26 mediated by clathrin-coated vesicles
Selective transport: mediated by clathrin-coated vesicles Cargo receptors, with their bound cargo molecules, are captured by adaptins, which also bind clathrin molecules to the cytosolic surface of the budding vesicle. Dynamin proteins assemble around the neck of budding vesicles; once assembled, they hydrolyze their bound GTP and pinch off the vesicle. After budding is complete, the coat proteins are removed and the naked vesicle can fuse with its target membrane. Functionally similar coat proteins are found in other types of coated vesicles.

27 Model of transport vesicle docking
Vesicles that bud from a membrane carry specific marker proteins called vesicle SNAREs (v-SNAREs) on their surface, which bind to complementary target SNAREs (t-SNAREs) on the target membrane. Many different complementary pairs of v-SNAREs and t-SNAREs are thought to play a crucial role in guiding transport vesicles to their appropriate target membranes.

28 Transport vesicle fusion
Following the docking of a transport vesicle at its target membrane, a complex of membrane-fusion proteins assembles at the docking site and catalyzes the fusion of the vesicle with the target membrane. Fusion of the two membranes delivers the vesicle contents into the interior of the target organelle and adds the vesicle membrane to the target membrane.

29 Protein glycosylation in the ER
Almost as soon as a polypeptide chain enters the ER lumen, it is glycosylated by addition of oligosaccharide side chains to particular asparagines in the polypeptide. Each oligosaccharide chain is transferred as an intact unit to the asparagine from a lipid called dolichol. Asparagines that are glycosylated are always present in the tripeptide sequence asparagine, X, serine or threonine, where X can be any amino acid.

30 The Golgi apparatus (A) Three-dimensional reconstruction of a Golgi stack. It was reconstructed from electron micrographs of the Golgi apparatus in a secretory animal cell. (B) Electron micrograph of a Golgi stack from a plant cell, where the Golgi apparatus is especially distinct. The Golgi apparatus is oriented as in (A). (C) The Golgi apparatus in a cultured fibroblast stained with a fluorescent antibody that labels the Golgi apparatus specifically. The red arrow indicates the direction of the cell's movement. Note that the Golgi apparatus is close to the nucleus and oriented toward the direction of movement. (A, redrawn from A. Rambourg and Y. Clermont, Eur. J. Cell Biol. 51: , 1990; B, courtesy of George Palade; C, courtesy of John Henley and Mark McNiven.)

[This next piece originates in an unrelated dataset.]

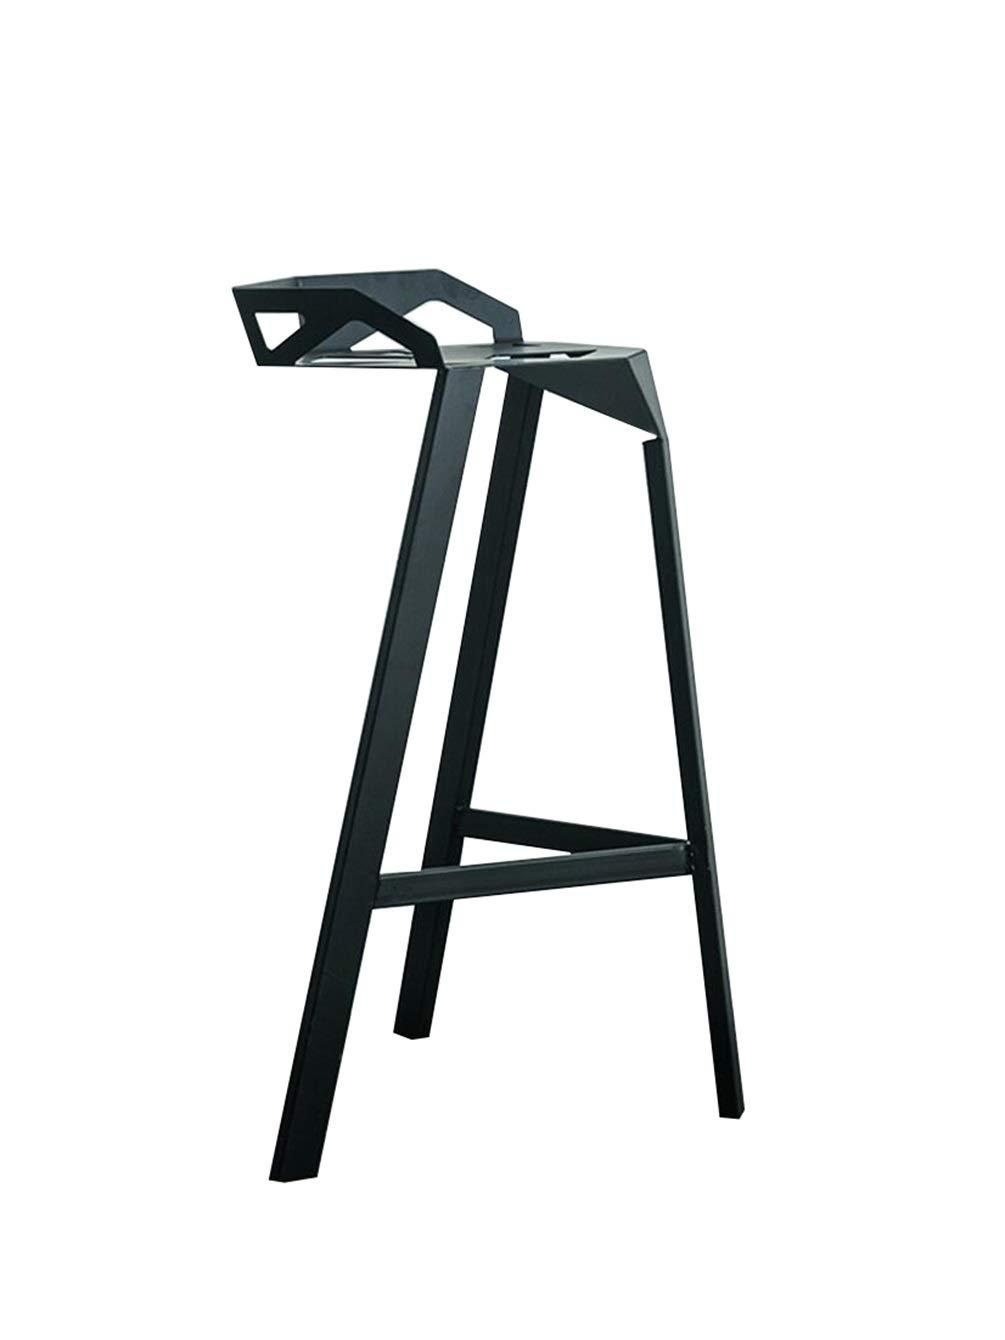 Black 75cm BARSTOOLRI Bar Stool, Ergonomics Metal Adjustable Non-Slip Breakfast Stools for Kitchen Office Counter Chair (color   Black, Size   75cm)
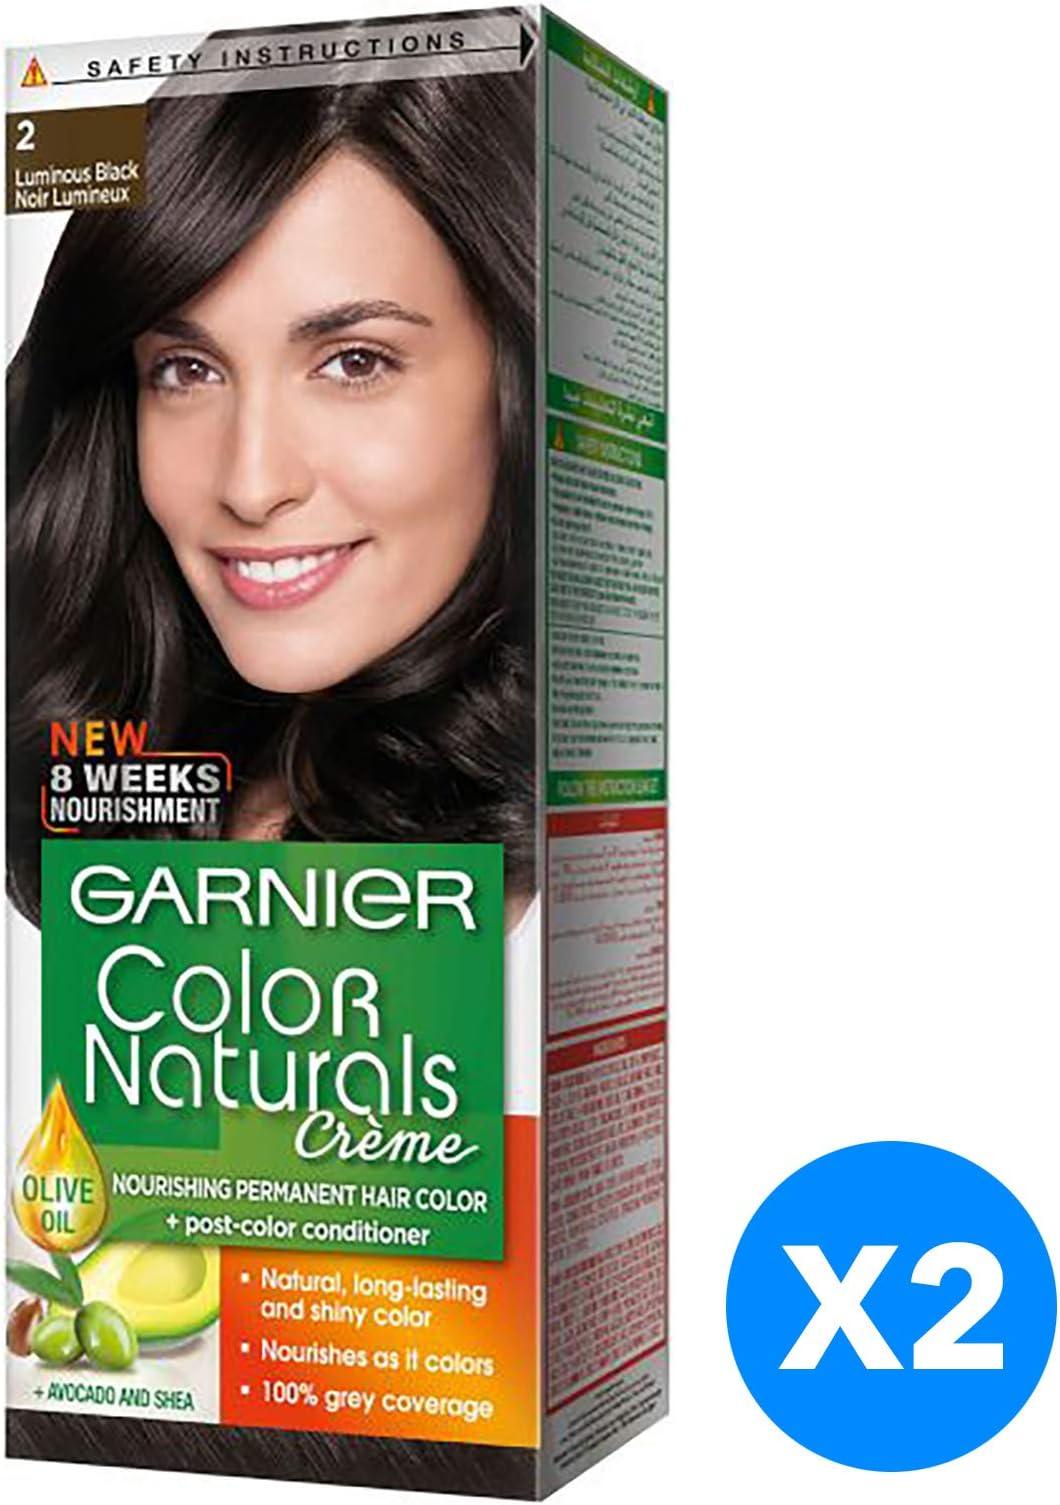 Garnier Color Naturals Shade 2 Twin Pack 100 Ml X 2 Price In Uae Amazon Uae Kanbkam

31 the regulated and constitutive pathways
Exocytosis: the regulated and constitutive pathways The two pathways diverge in the trans Golgi network. Many soluble proteins are continually secreted from the cell by the constitutive secretory pathway, which operates in all cells. This pathway also supplies the plasma membrane with newly synthesized lipids and proteins. Specialized secretory cells also have a regulated exocytosis pathway, by which selected proteins in the trans Golgi network are diverted into secretory vesicles, where the proteins are concentrated and stored until an extracellular signal stimulates their secretion.

32 Exocytosis of secretory vesicles
The electron micrograph shows the release of insulin into the extracellular space from a secretory vesicle of a pancreatic beta cell. The insulin is stored in a highly concentrated form in each secretory vesicle and is released only when the cell is signaled to secrete by an increase in glucose levels in the blood. (Courtesy of Lelio Orci, from L. Orci, J.-D. Vassali, and A. Perrelet, Sci. Am. 256:85-94, 1988.)